In reply to a question you asked several postings back ... No, I no longer have the JPI-760. From your last posting it looks like you can see one of the benefits of using a pair of singles (RPM).

Referring back to a question previously in this thread (hard to believe there's even a debate on this):

The fact Cessna did or did not install a piece of equipment in their aircraft is hardly the basis for determining whether a device is useful or not. The fact the EGT gage was optional should illustrate this point. The single alternator & vacuum configurations are not evidence that redundant systems aren’t needed.

Engine monitors give you a much better view of what's happening in an engine. The digital read-outs let you see trends that are too small to notice on the analog gages. Shock cooling (as a rate of degrees per minute) can be displayed. And, there are alarms that can be programmed when numbers get out of range.

Regarding leaning, let’s say your target is 125 Degrees ROP. By observing the one cylinder that has the Cessna EGT (assuming you have that option installed), you have no clue as to whether the remaining cylinders are closer or further away from peak.
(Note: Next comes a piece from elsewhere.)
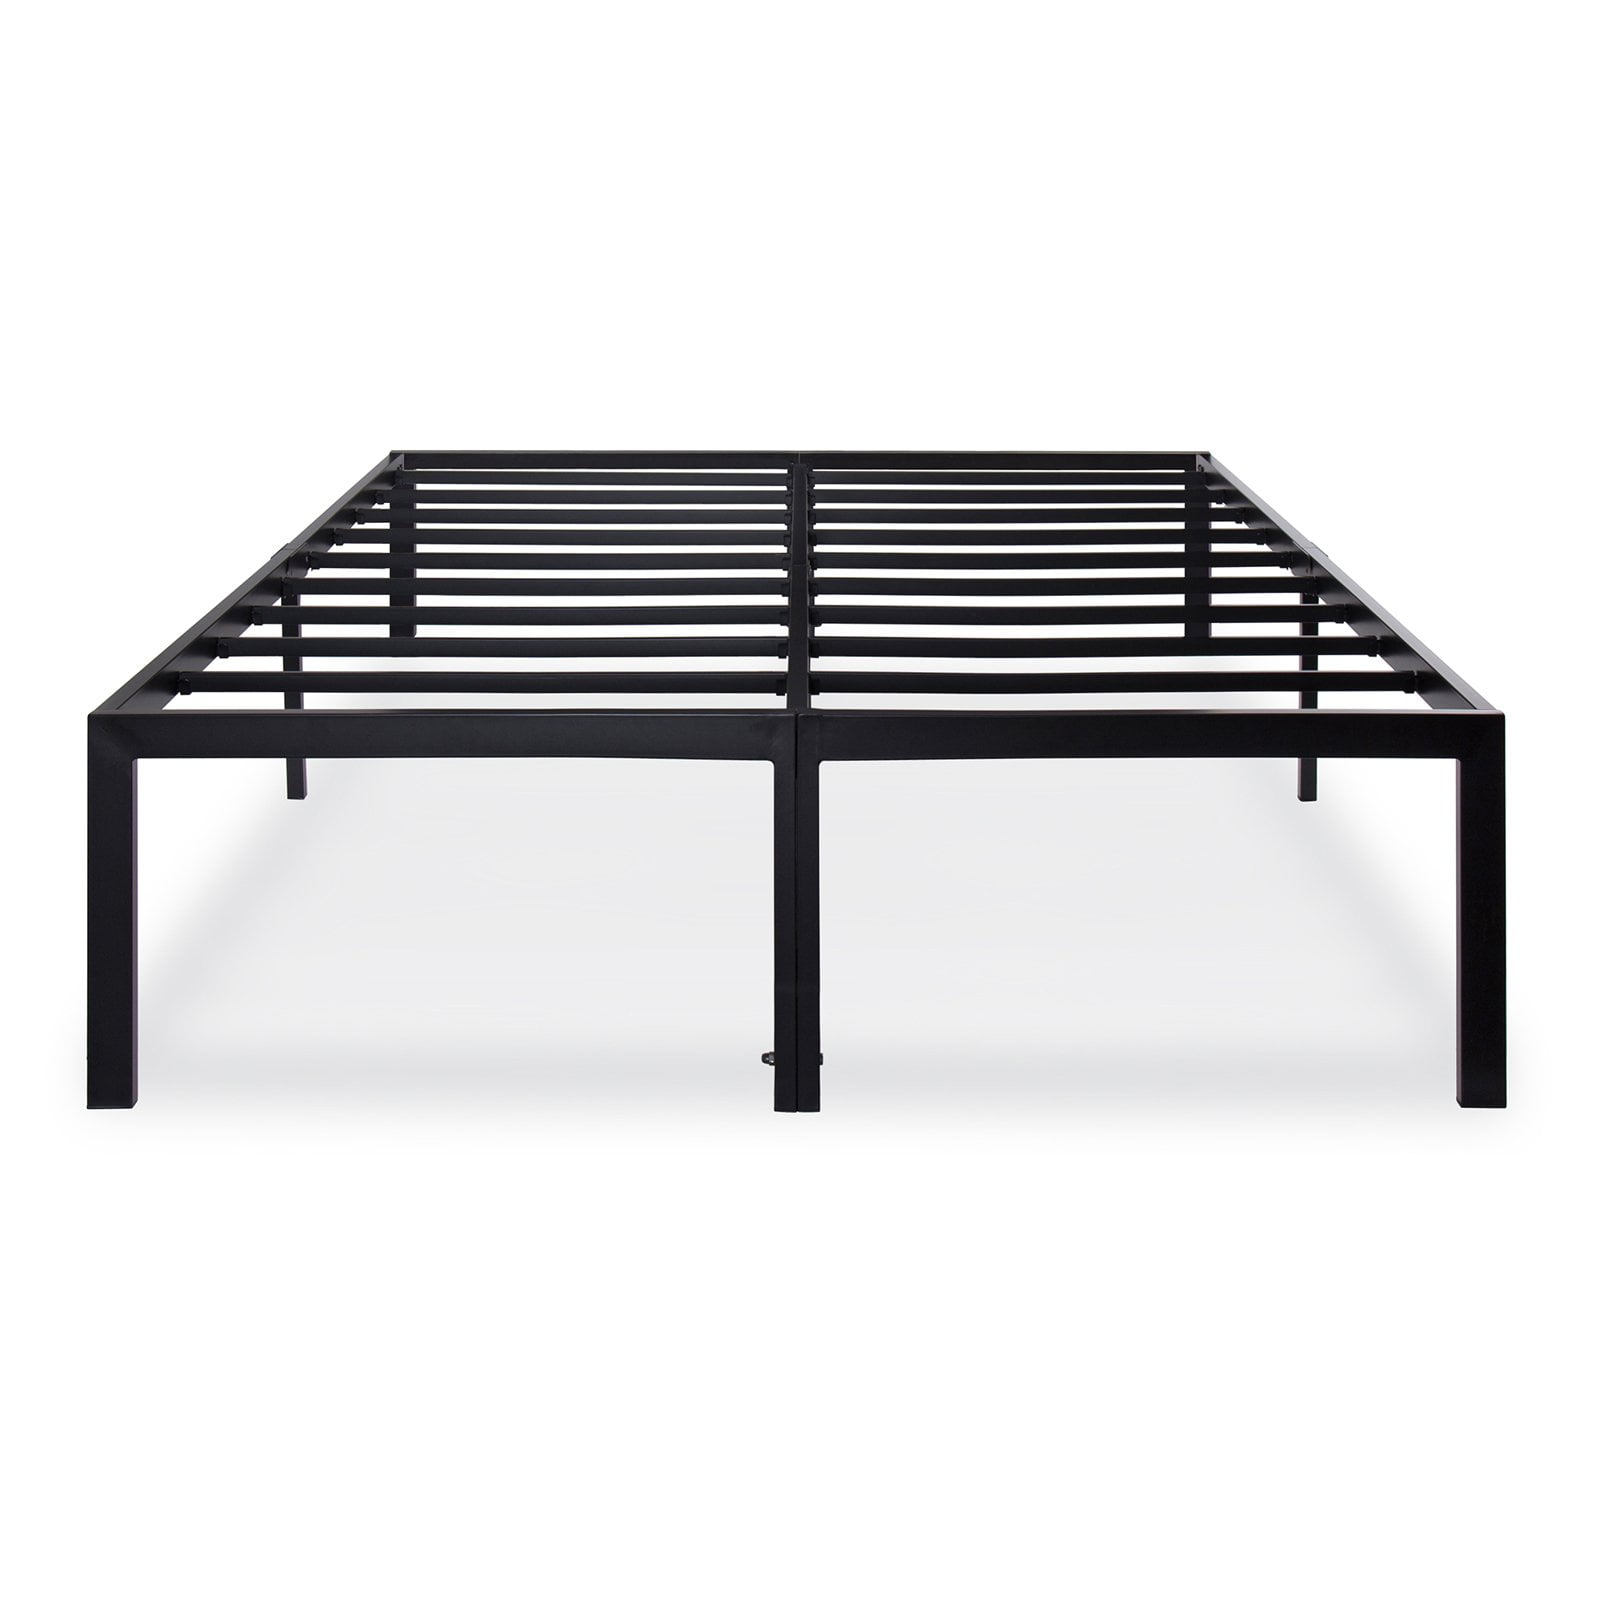 King Size Olee Sleep 77.5 x 81.5 x 14 in Steel Bed Frame Black for sale online

It has been clearly demonstrated that the fuel flows at which each cylinder peaks can vary by a couple of gals/hour. You might think you’re running 125 dROP when in reality one of your cylinders could be at peak. Further compound this by having a blocked injector and you’ll unknowingly be running a cylinder LOP (pretty scared for the “non-believers” <grin>). It’s simply not possible to know how you’re leaning these engines without the proper instrumentation.

The Advanced Pilot Seminars shows some very interesting pictures of JPIs that help you interpret some of the monitor numbers. For instance, how can you tell a blocked injector from the beginnings of preignition (which is how you're going to burn a hole in a cylinder). What fluctuating numbers indicate which cylinders have exhaust valve wear?

I personally saw a situation, in which the plane felt fine, but the CHTs were hotter than normal - yet the EGTs were cooler. In my case the shop had set the ignition timing incorrectly. I would not have been able to see this without the monitor (and have prior use to recognize "normal" readings for this installation).